Installing and using

Dependencies

PHP with the Client URL Library (cURL) installed. If running FUPS as a web app, then an additional dependency is a web server with PHP (with cURL) support. Tested on Apache and IIS but should work on other servers with minimal adjustment - the only Apache-specific file is output/.htaccess.

Installing and configuring

Download this repository to your filesystem, optionally under your web root if you wish to run FUPS as a web app (anywhere under your web root is fine - FUPS doesn't have to run from the top level directory).

Copy settings.default.php to settings.php and edit that file as appropriate. The most minimal case is to edit only the FUPS_DATADIR define, and to then ensure that the specified directory exists and is writeable by the user under whom FUPS will run. If running FUPS as a web app, this will be the same user that your web server runs as.

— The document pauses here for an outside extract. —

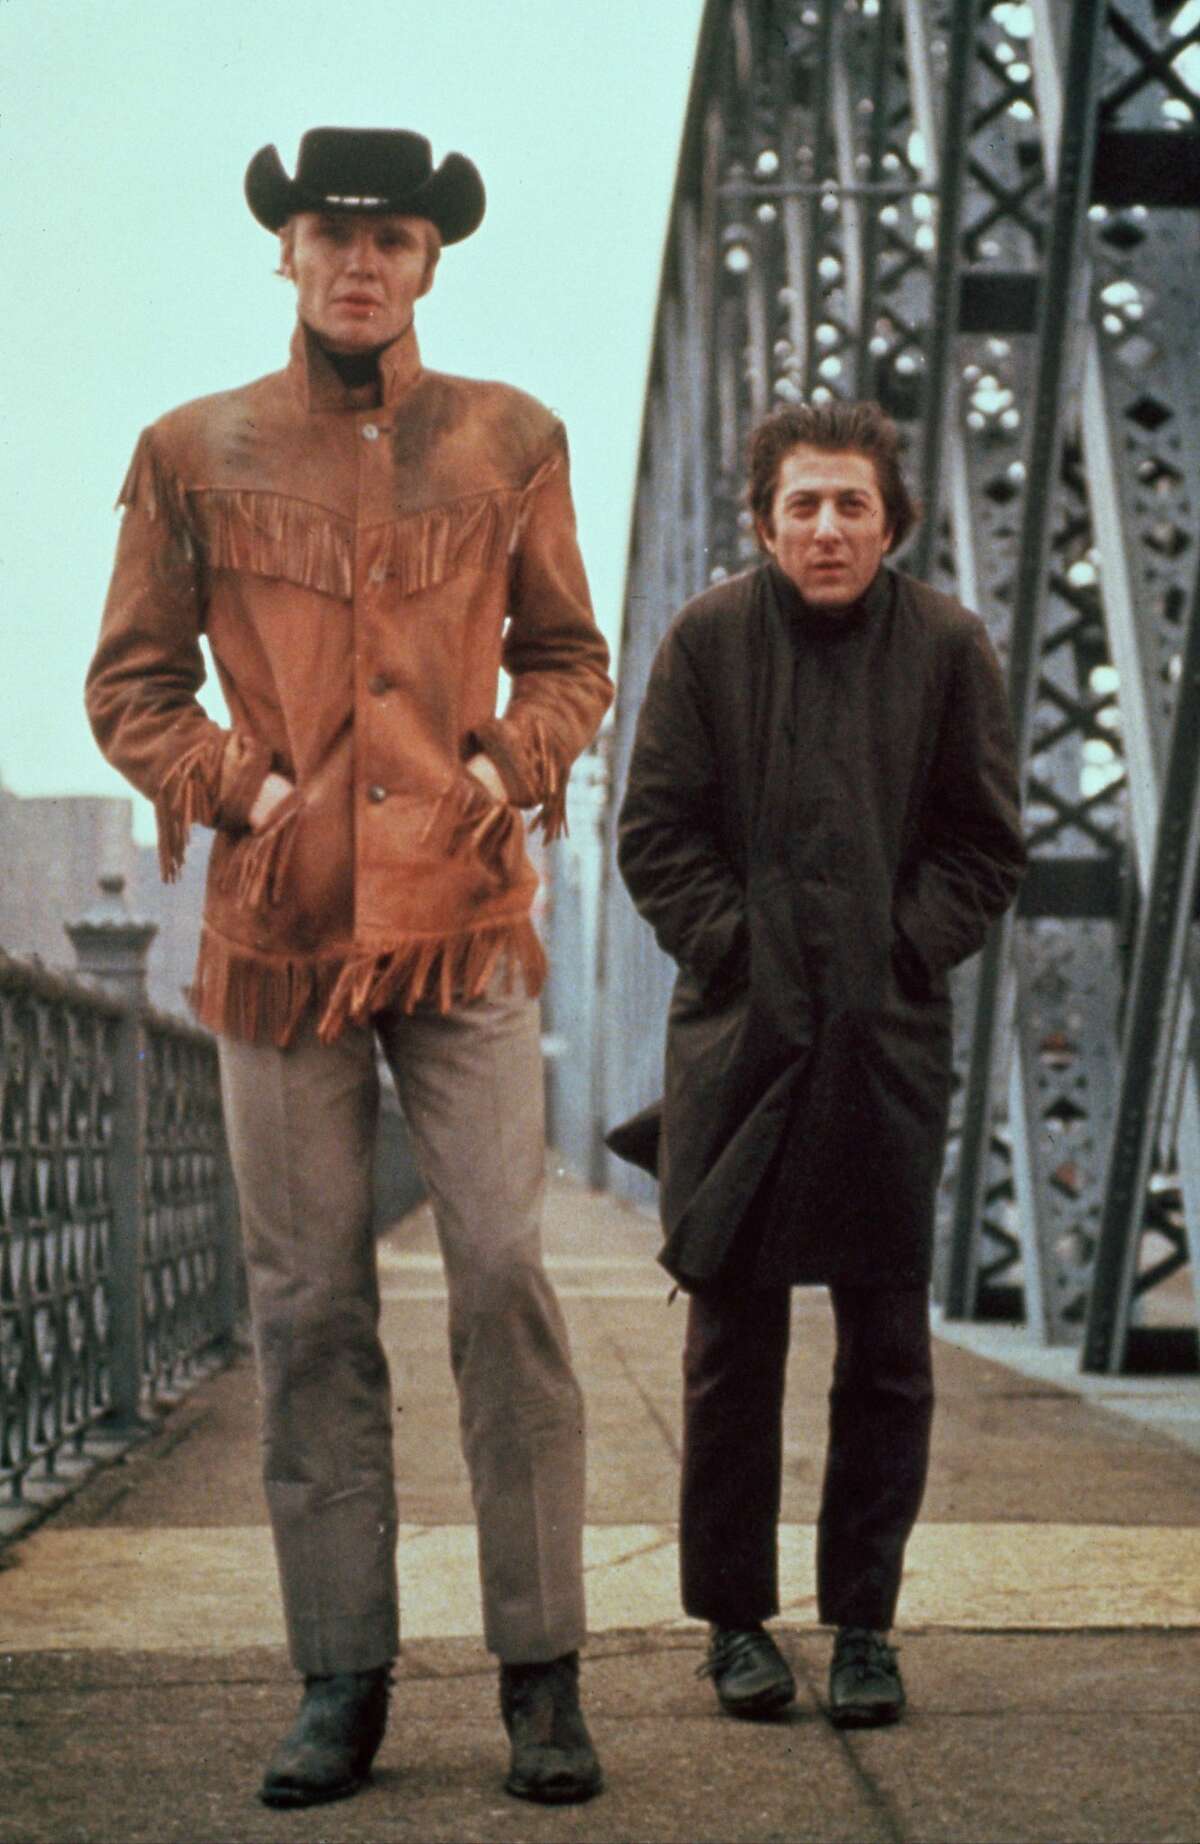 MIDNIGHT COWBOY -- Jon Voight, Dustin Hoffman in "Midnight Cowboy". "Reel Radicals: The Sixties Revolution in Film." HOUCHRON CAPTION (04/02/2002): Documentary examines films of the 1960s, like "Midnight Cowboy," above. HOUCHRON CAPTION (07/26/2003): John Schlesinger's 1969 film "Midnight Cowboy," starring Jon Voight, left, and Dustin Hoffman, won three Oscars, including for best director, best picture and best adapted screenplay.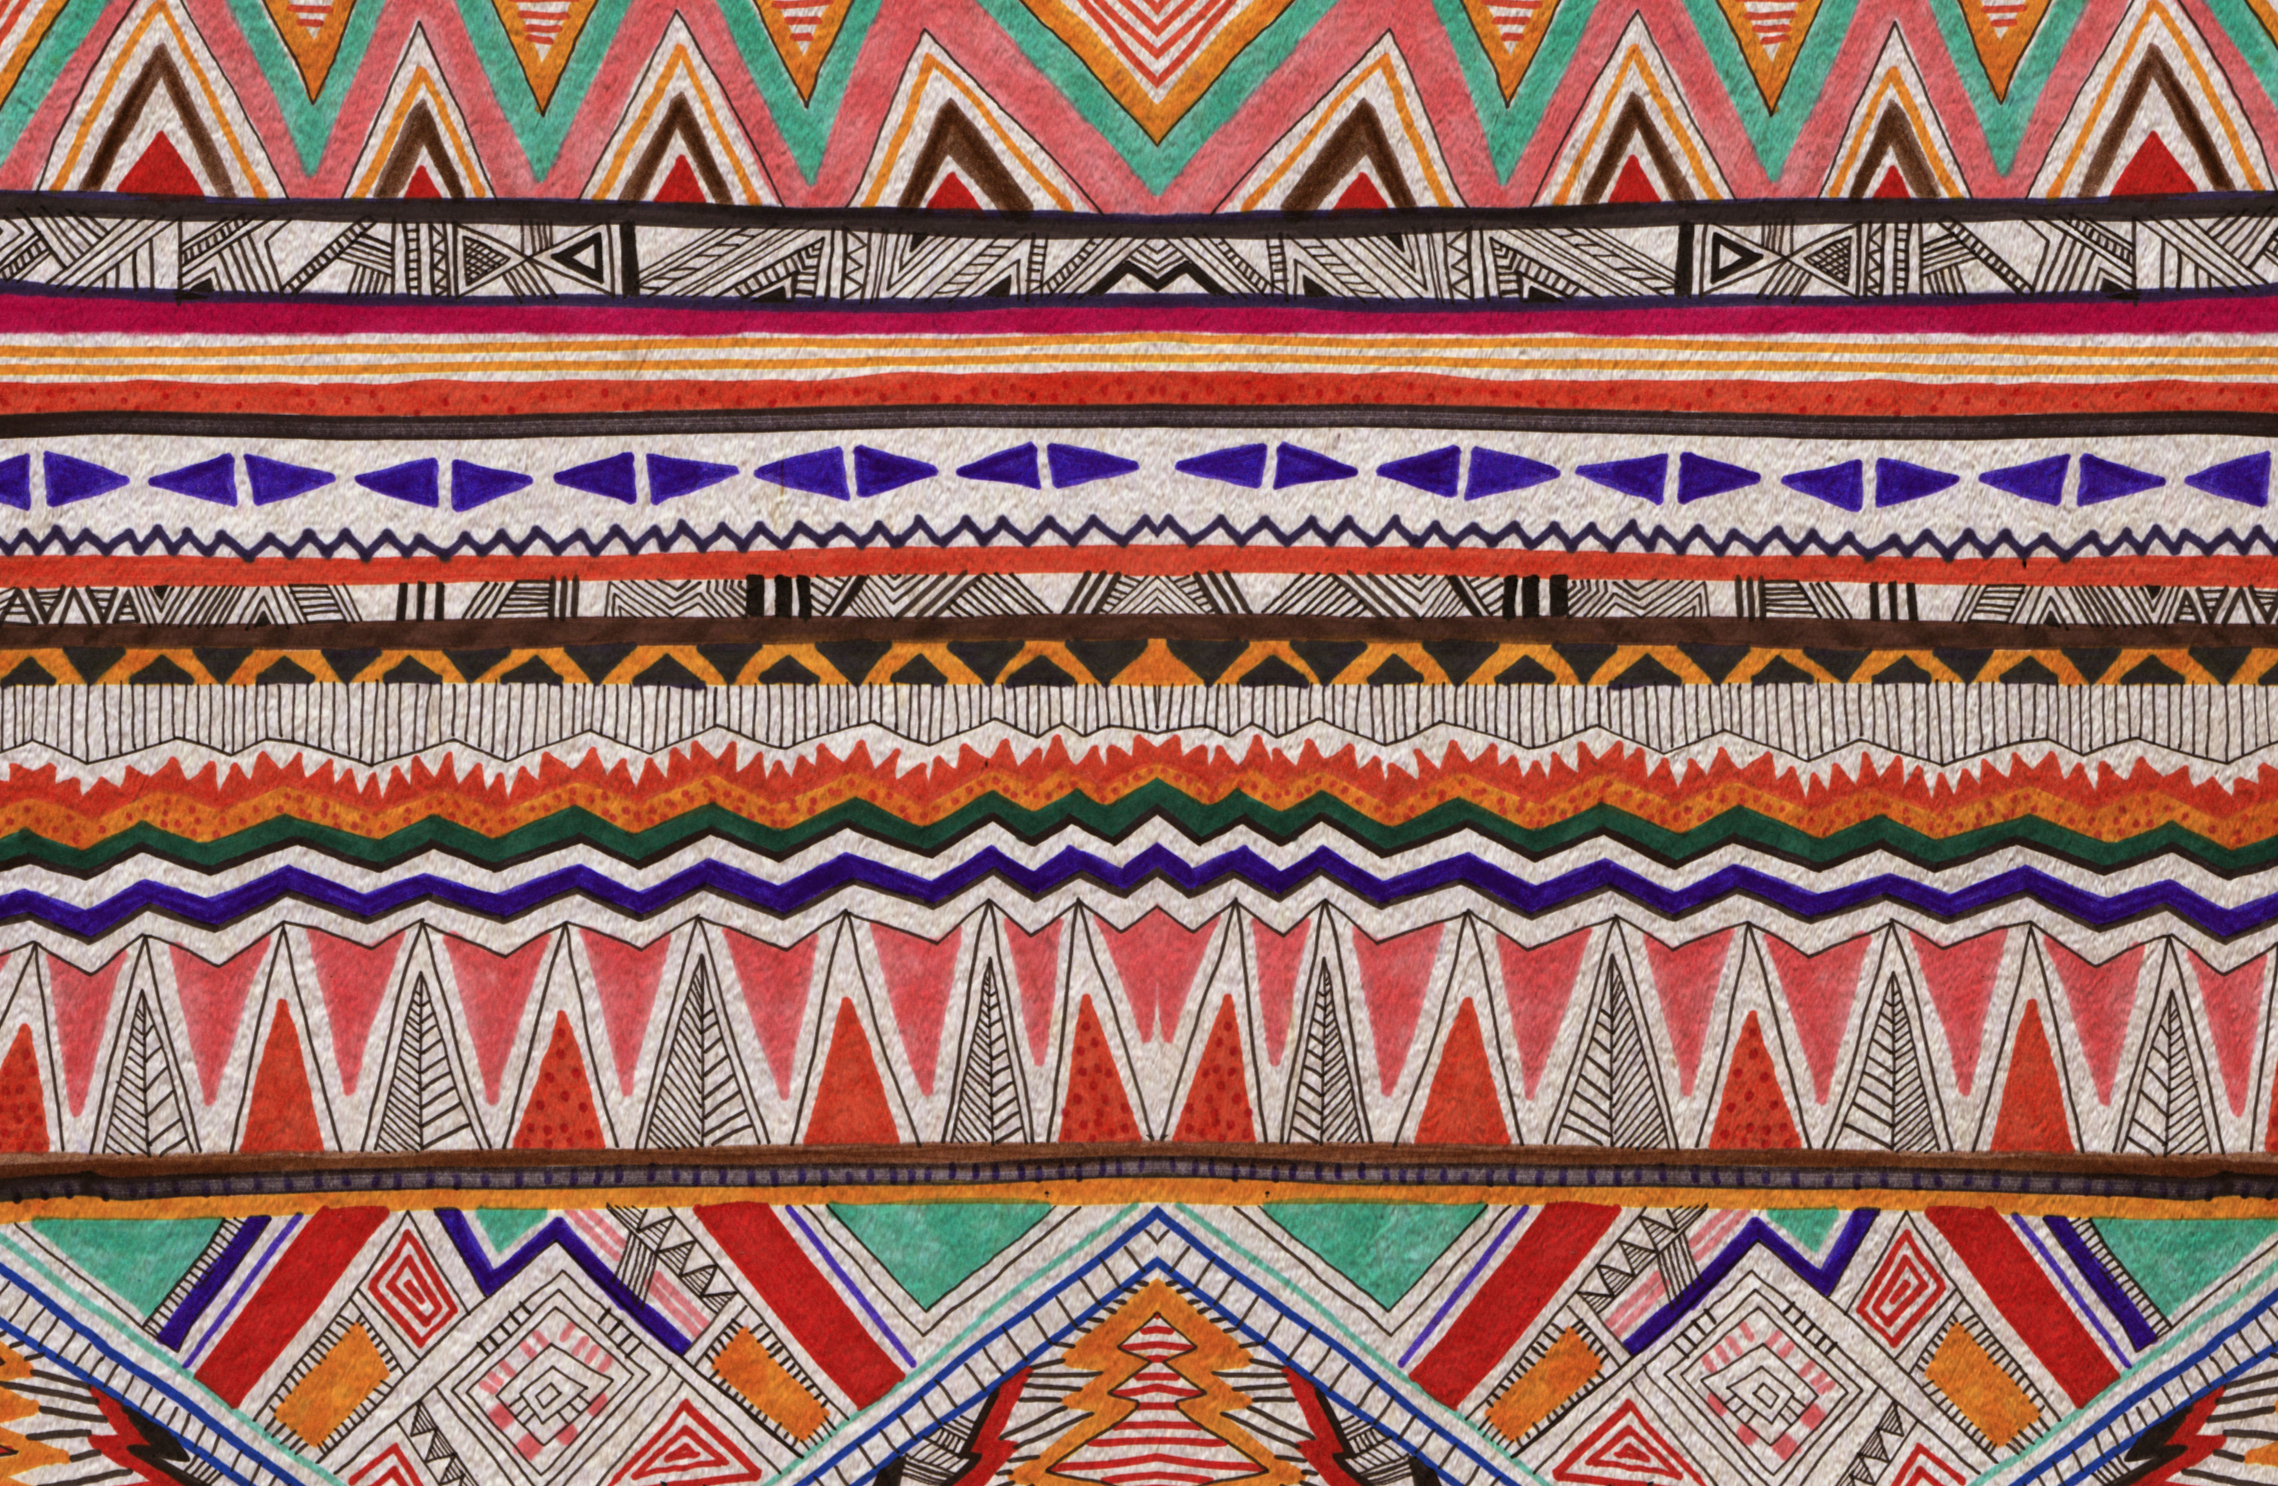 Tribal Hipster Wallpaper iPhone Background

If running FUPS as a web app, also make sure that the "output" sub-directory is writeable by the user your web server runs as.

Using as a web app

Simply navigate to index.php. The rest should be self-explanatory. (In some of its backlinks, FUPS assumes that your web server is set up so that index.php is processed when the directory itself is accessed, but the core functionality will work fine even if this assumption, and those backlinks, fail).

Using from the commandline

Create an options file. Type:

php path/to/fups.php -i path/to/existing/optionsfile.txt -o path/to/desired/output-directory

The output directory should not exist. If it does, then FUPS will append ".1" to the directory name that you supply. If that directory exists too, then FUPS will try instead appending ".2", etc.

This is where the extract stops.